Sadly, people still idolize Jeff Bezos and Elon Musk just as much their forebears idolized Henry Ford or Andrew Carnegie. And really there’s nothing semi- about it: The acquisition of billions of dollars by exploiting others is clearly indicative of narcissism if not psychopathy.

It’s not that we couldn’t have made the world that Keynes imagined. There’s plenty of stuff—his forecast for our per-capita GDP was impeccable. But when we automated away all of the most important work, Keynes thought we would turn to lives of leisure, exploring art, music, literature, film, games, sports. But instead we did something he did not anticipate: We invented new kinds of work.

This would be fine if the new work we invented is genuinely productive; and some of it is, no doubt. Keynes could not have anticipated the emergence of 3D graphics designers, smartphone engineers, or web developers, but these jobs do genuinely productive and beneficial work that makes use of our extraordinary new technologies.

But think for a moment about Facebook and Google, now two of the world’s largest and most powerful corporations. What do they sell? Think carefully! Facebook doesn’t sell social media. Google doesn’t sell search algorithms. Those are services they provide as platforms for what they actually sell: Advertising.

That is, some of the most profitable, powerful corporations in the world today make all of their revenue entirely from trying to persuade people to buy things they don’t actually need. The actual benefits they provide to humanity are sort of incidental; they exist to provide an incentive to look at the ads.

Paul Krugman often talks about Solow’s famous remark that “computers showed up everywhere but the productivity statistics”; aggregate productivity growth has, if anything, been slower in the last 40 years than in the previous 40.

But this aggregate is a very foolish measure. It’s averaging together all sorts of work into one big lump.

If you look specifically at manufacturing output per workerthe sort of thing you’d actually expect to increase due to automation—it has in fact increased, at breakneck speed: The average American worker produced four times as much output per hour in 2000 as in 1950.

The problem is that instead of splitting up the manufacturing work to give people free time, we moved them all into services—which have not meaningfully increased their productivity in the same period. The average growth rate in multifactor productivity in the service industries since the 1970s has been a measly 0.2% per year, meaning that our total output per worker in service industries is only 10% higher than it was in 1970.

While our population is more than double what it was in 1950, our total manufacturing employment is now less than it was in 1950. Our employment in services is four times what it was in 1950. We moved everyone out of the sector that actually got more productive and stuffed them into the sector that didn’t.

This is why the productivity statistics are misleading. Suppose we had 100 workers, and 2 industries.

Initially, in manufacturing, each worker can produce goods worth $20 per hour. In services, each worker can only produce services worth $10 per hour. 50 workers work in each industry, so average productivity is (50*$20+50*$10)/100 = $15 per hour.

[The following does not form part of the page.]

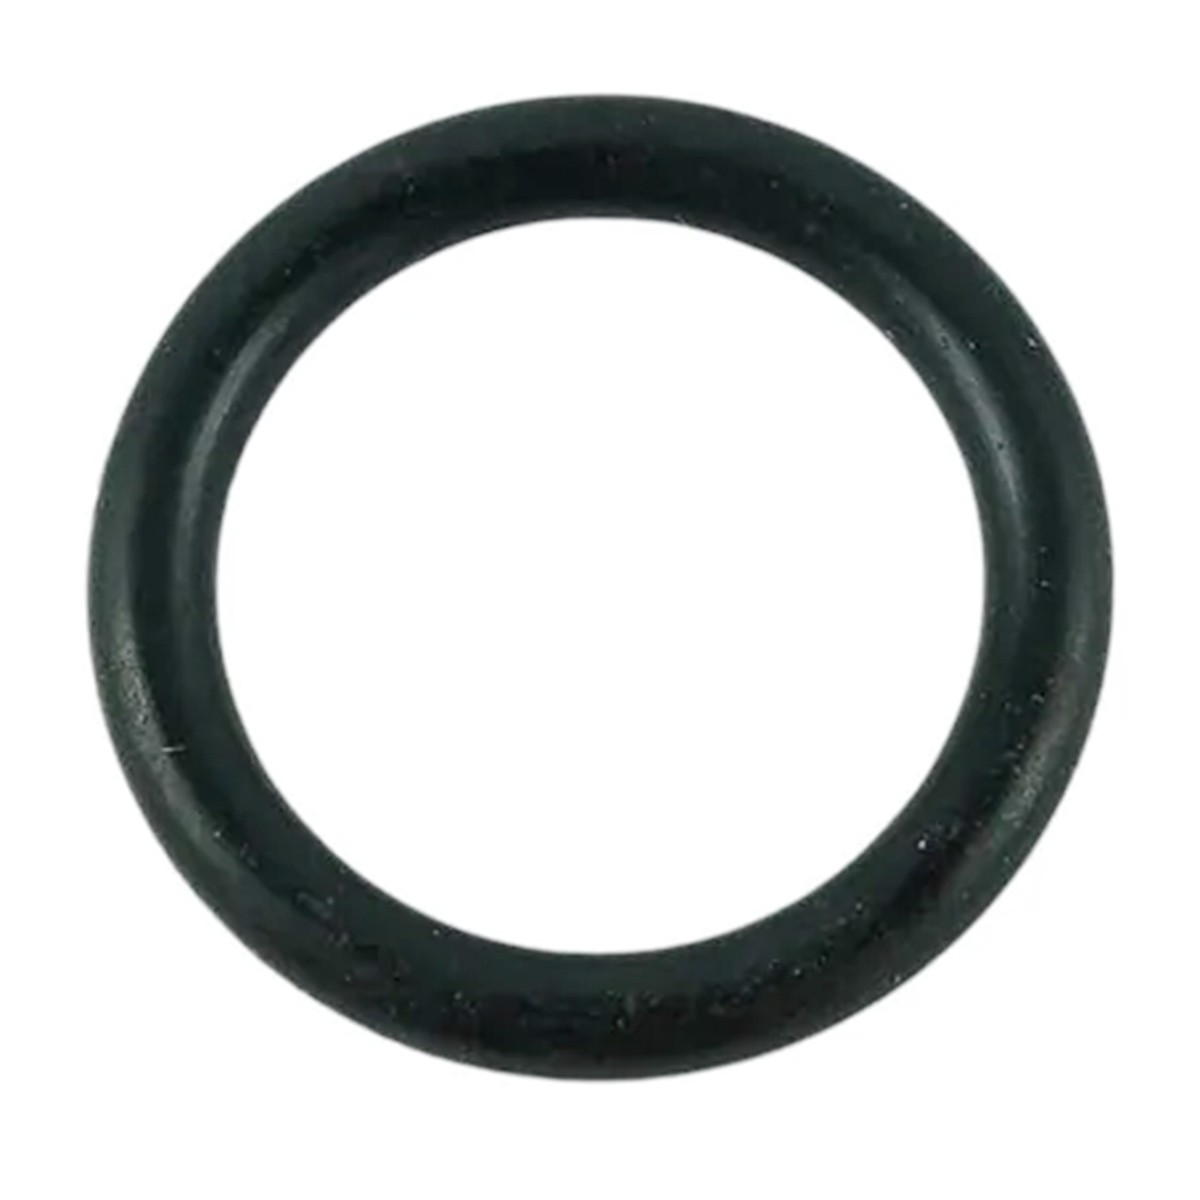 O-ring 13.80 x 2.40 mm / LS MT3.35 / LS MT3.40 / LS MT3.50 / LS MT3.60 / S801014010 / 40029201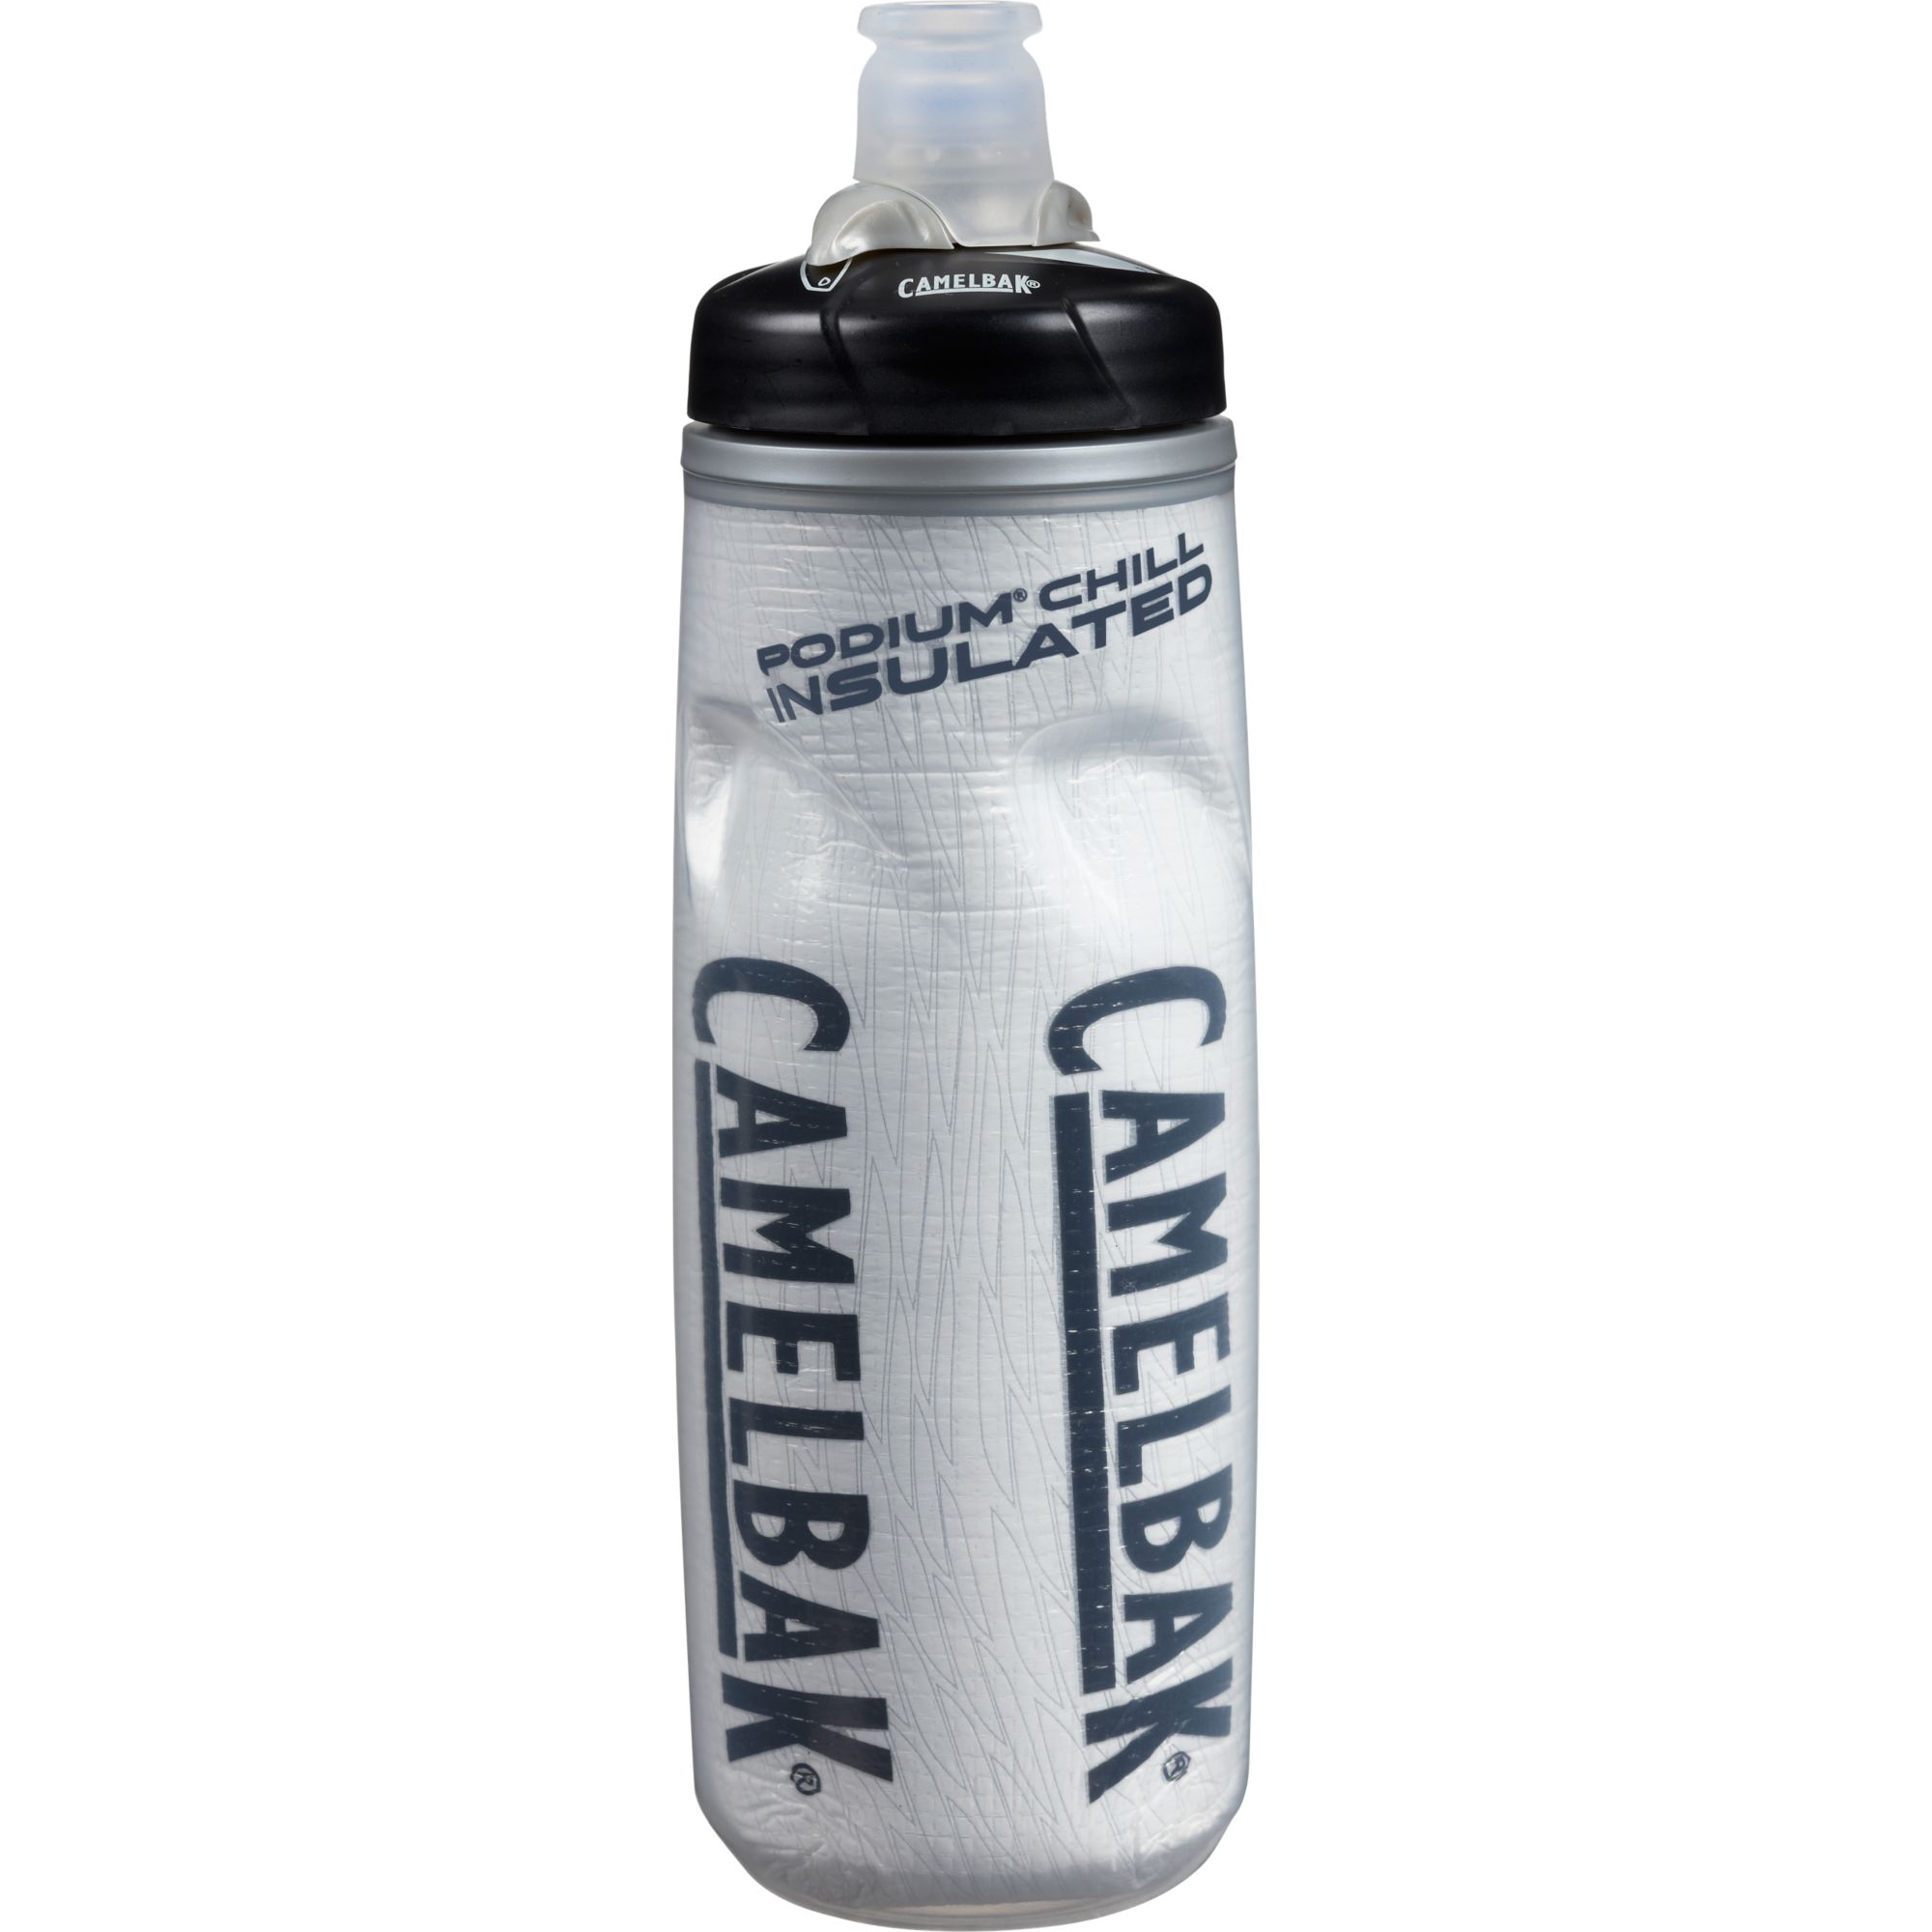 camelbak podium chill 620ml water bottle

Then, after new technological advances, productivity in manufacturing increases to $80 per hour, but people don’t actually want to spend that much on manufactured good. So 30 workers from manufacturing move over to services, which still only produce $10 per hour. Now total productivity is (20*$80+80*$10)/100 = $24 per hour.

Overall productivity now appears to only have risen 60% over that time period (in 50 years this would be 0.9% per year), but in fact it rose 300% in manufacturing (2.2% per year) but 0% in services. What looks like anemic growth in productivity is actually a shift of workers out of the productive sectors into the unproductive sectors.

Keynes imagined that once we had made manufacturing so efficient that everyone could have whatever appliances they like, we’d give them the chance to live their lives without having to work. Instead, we found jobs for them—in large part, jobs that didn’t need doing.

Advertising is the clearest example: It’s almost pure rent-seeking, and if it were suddenly deleted from the universe almost everyone would actually be better off.

But there are plenty of other jobs, what the late David Graeber called “bullshit jobs”, that have the same character: Sales, consulting, brokering, lobbying, public relations, and most of what goes on in management, law and finance. Graeber had a silly theory that we did this on purpose either to make the rich feel important or to keep people working so they wouldn’t question the existing system. The real explanation is much simpler: These jobs are rent-seeking. They do make profits for the corporations that employ them, but they contribute little or nothing to human society as a whole.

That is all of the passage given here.